The sun beat down, baking my skin as I trudged along the sidewalk. My throat was dry and sweat was running down the crease of my back. My shirt stuck to my stomach and my shoes roasted my toes.

With the faintest of breeze, I felt two tiny feet touch my blazing skin.

"Isn't it too hot to be flying?" I asked.

"Isn't it too hot to be walking?" The butterfly fluttered his wings. I basked in the tiny burst of wind.

"It is a time of discovery for you," the butterfly observed as we wondered through the cement desert. "It seems you've come to a cross roads of sorts."

"Kind of," I said, trying not to giggle as he crawled up my arm. "No one ever said I had to choose one option."

"But having all your cards on the table is overwhelming," the butterfly chided. "You have to make a move sometime."

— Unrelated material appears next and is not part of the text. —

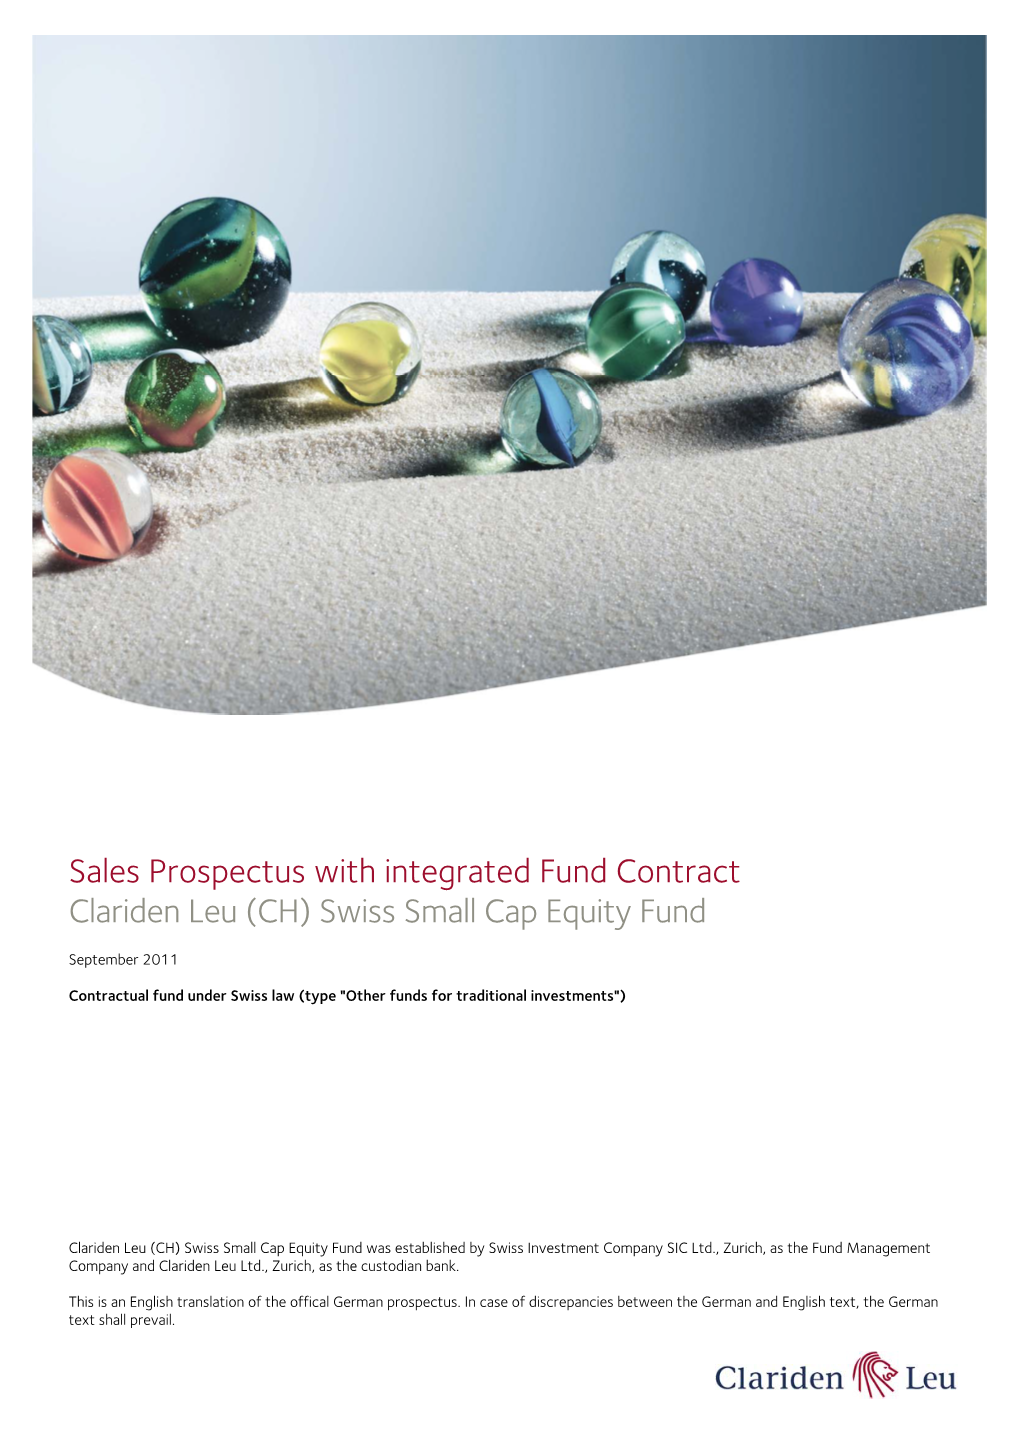 Sales Prospectus with Integrated Fund Contract Clariden Leu (CH) Swiss Small Cap Equity Fund

"I like the idea of learning before I leap," I said, pushing my hair off my back so he could perch on my shoulder. "I'm not going to be arrogant and say I know everything. There's a lot more I can learn."

"Yes and no," the butterfly said. "Technique, yes. Talent, no. But always remember who it is you write for. Yourself. Don't change everything just to change the invisible voices you think are whispering."

"Very well put," I sighed. "There's just so many variables, you know? Self-publishing has a stigma, small presses have a stigma and you can't get into big houses without an agent and a prayer. Yet I honestly believe this will work out. I know it will, deep in my gut. I have so much I want to do, so much I want to create. Yet I'm standing here screaming to deaf ears."

"Everything has the risk of failure," the butterfly pointed out. "You define your own success. You've spent your life going your own way. Why would you choose to follow the herd now?"

"I just don't want to be shoved into a box with a label," I grumbled.

"People will label you, for that is the only way they can understand you," the butterfly said. "As long as you don't label yourself, your work will be the best it can be."

"I just wish I had a definite answer," I whined. "Something concrete."

"Have faith," the butterfly whispered, his wings brushing against my cheek. "And trust in your faith and love in your work. That is the only concrete you need. Everything else is luck."

With that, he flew away into the stale warm air. I squinted up at the sky, watching as he floated toward the white clouds.

I didn't need to ask when he would return. For I had faith.

3 comments:

Marie said...

I love your butterfly tales Duckie. I think that fear of failure is the one factor that prevents most of us from realizing our full potential. We have to have faith in ourselves, for if we can't have faith in ourselves how ever can we expect anyone else to? I know you will be a success in the world's eyes one day, but for now, just know that you are a success in my eyes. Your words always bring me joy. I truly believe it's only a matter of time . . . truly.

Mama K said...

Ditto on what Marie said. It's scary to take a leap of faith. Frank was never scared...me, I'm more the cautious type but have great admiration for those that "just jump".